I'm usually pretty good with tech but this is killing me. I have an outdoor RCA antenna hooked up to my PC with a Hauppauge 1250. I scan real channels 2-51 and turn up tons of channels coming in clear as a bell except I get ZERO coming in from my local NBC/ABC channels (real channel 48/38). There are 3 huge towers just south of me that broadcast NBC/ABC/CBS and CBS comes in great, clear and strong. FOX comes in clear and strong and it's 24mi away and 40 degrees in a different direction!! Something isn't right here. Do these stations just go dark sometimes?

Really thankful for any advice/help. I'll try anything, I'm at the end of my troubleshooting skills.

Here is my location report from TV Fool
TV Fool

This is my antenna RCA Compact Outdoor Yagi HDTV Antenna: Electronics

I'm really just trying to have great reception for CBS/NBC/FOX for Seahawk games

Have you tried a different tuner. Like one built into a TV. Front end overload comes to mind from too strong of signals, or even too strong of out of band signals. An FM trap might help. While FM causing problems with UHF signals is unusual it's not unheard of, but very unlikely that high in the band. 4G LTE interference is a possibility filters are available.

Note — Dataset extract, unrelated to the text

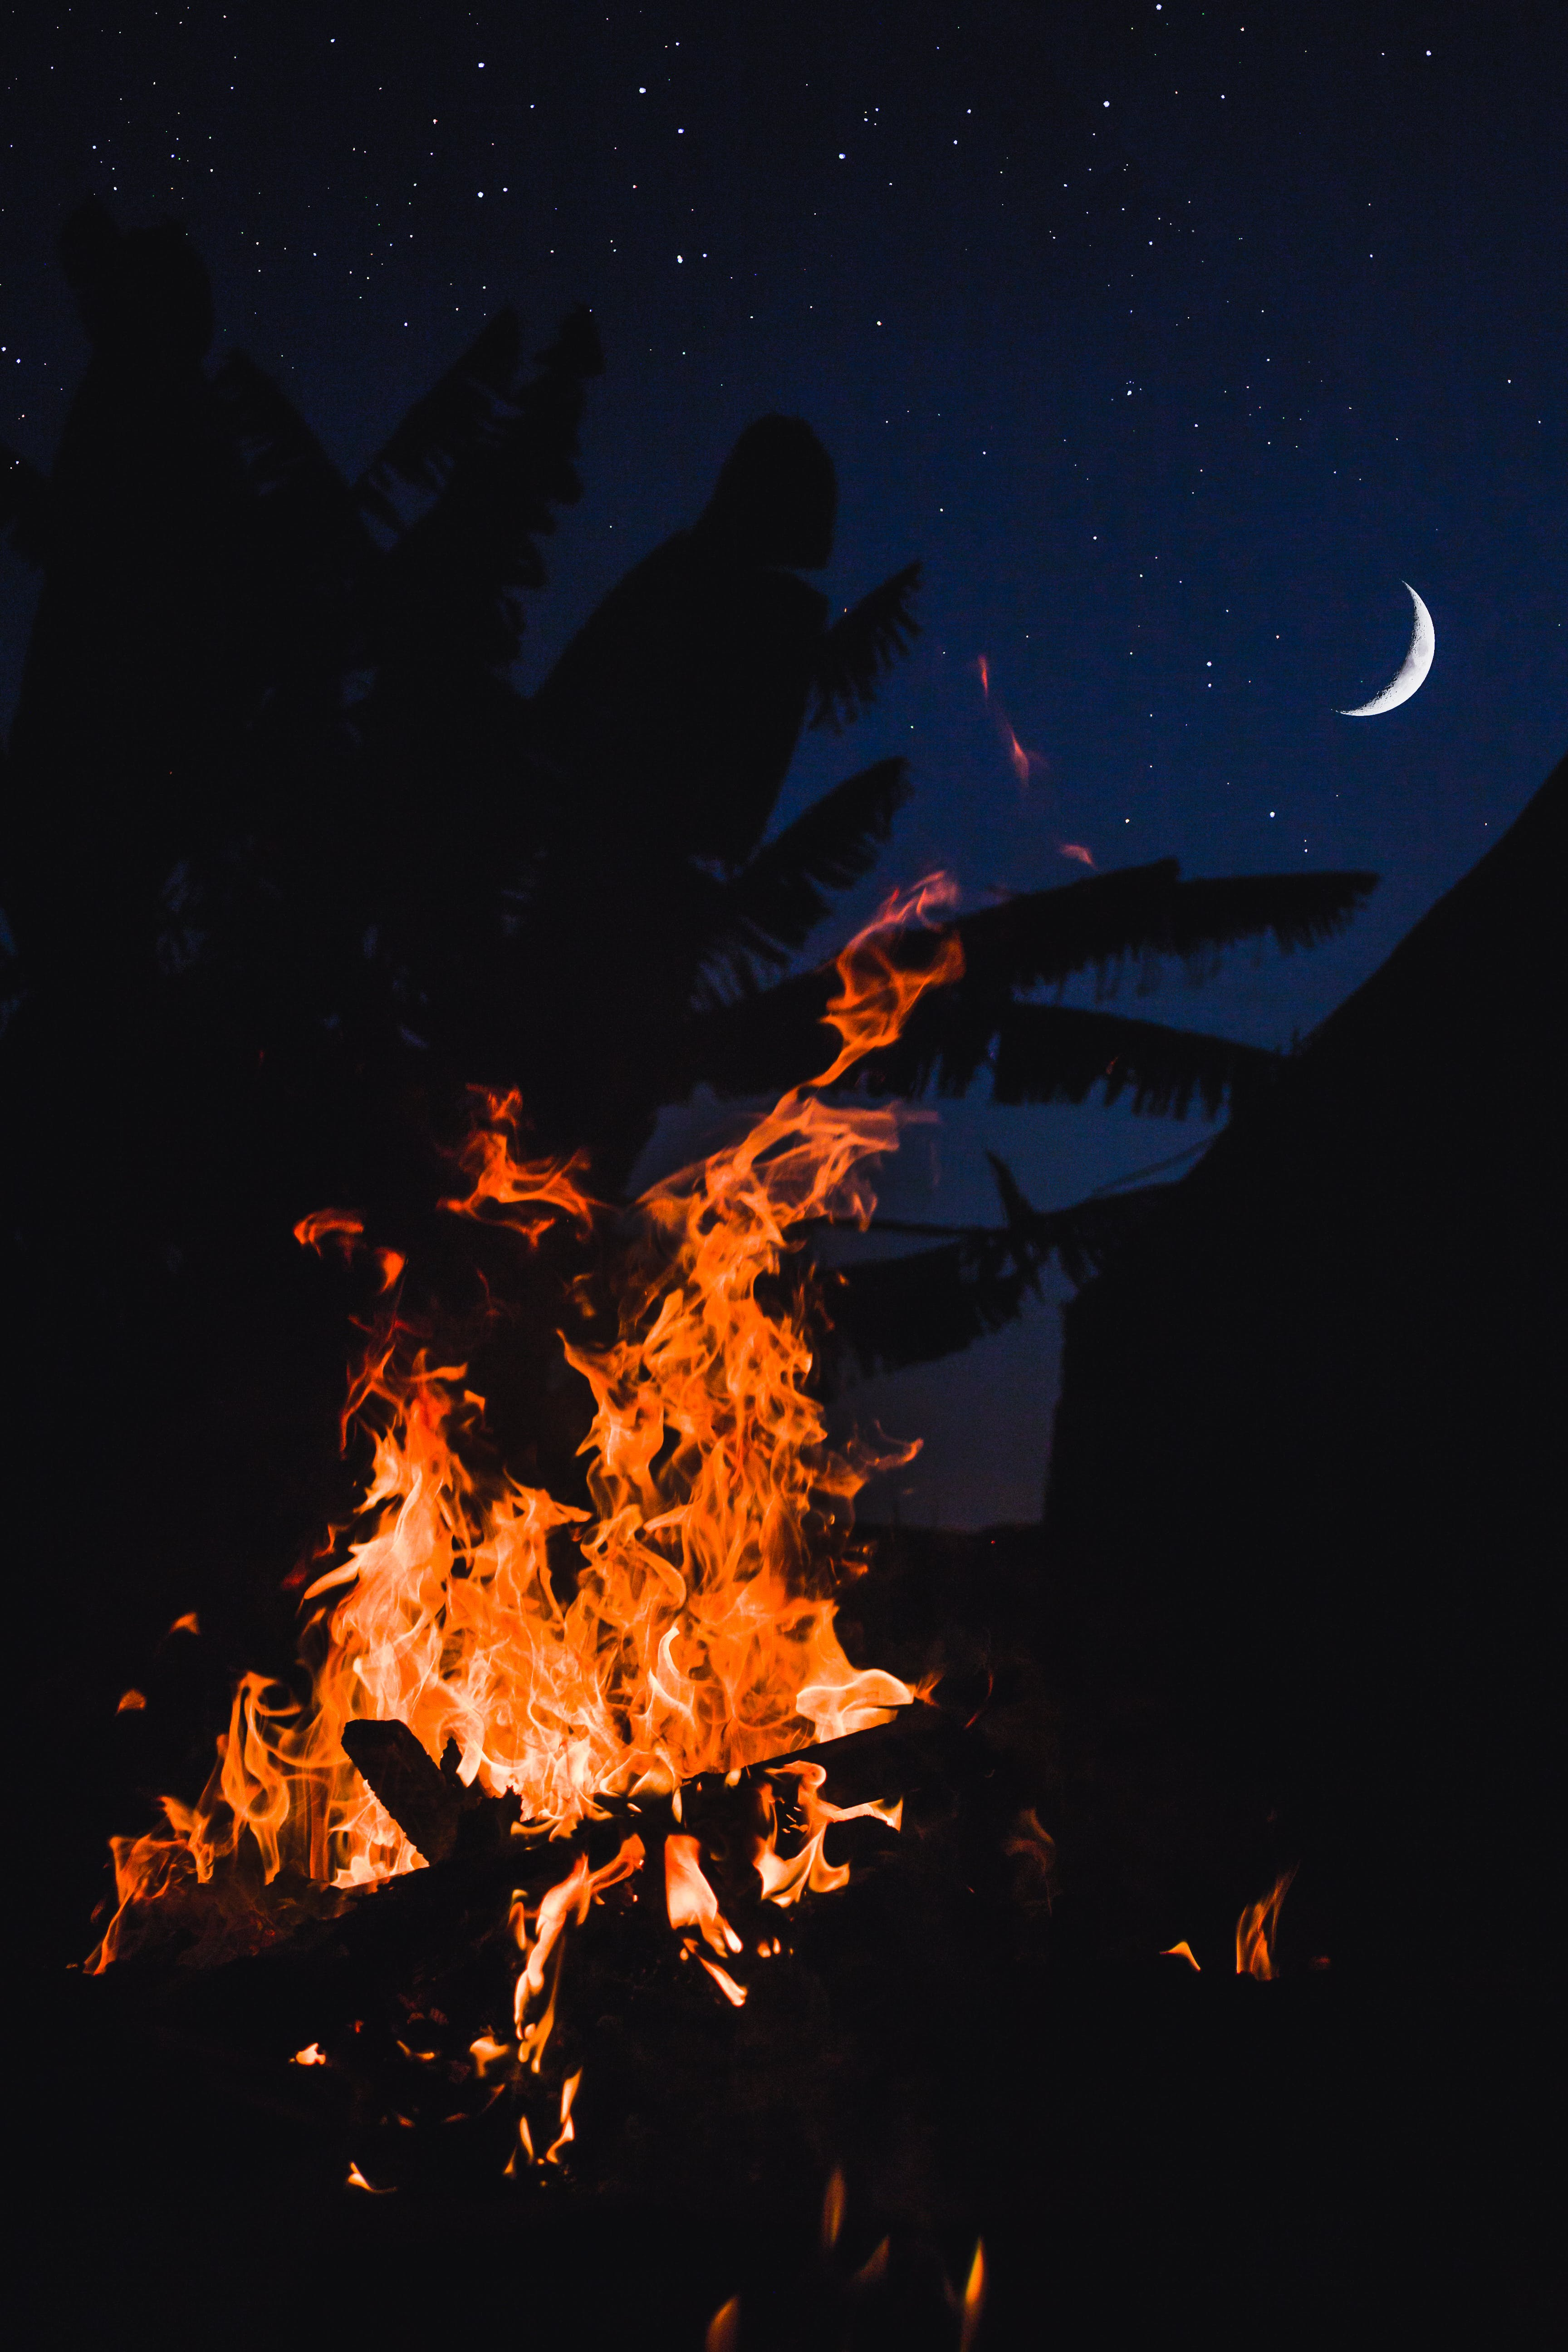 Bonfire Under Crescent Moon in the Sky

Attenuators are available if the problem is overload. Parts Express In-Line Coax Cable TV Signal Attenuator 6 dB: Electronics
A simple splitter can be used as a 3 dB attenuator. If overload is the problem be prepared to start stacking attenuators. Have you tried aiming the antenna away from the tower?
Being one who works with junk of my own and sometimes other peoples I have ran across missing channel problems that are the result of bad coax connectors, a defective balun, an incorrectly assembled antenna, damaged poorly built connectors on the back of the TV,or tuner. Anyone of these problems can create high VSWR on the feedline which with digital signals can selectively wipe out one or more channels while the others look great.
House hold interference most often from Switched Mode Power Supplies is a common problem at VHF frequencies, but seldom cause problems with UHF. The noise from such power supplies can be very frequency specific.
I don't know what is causing your problem. I can only mention the possible things that come to mind.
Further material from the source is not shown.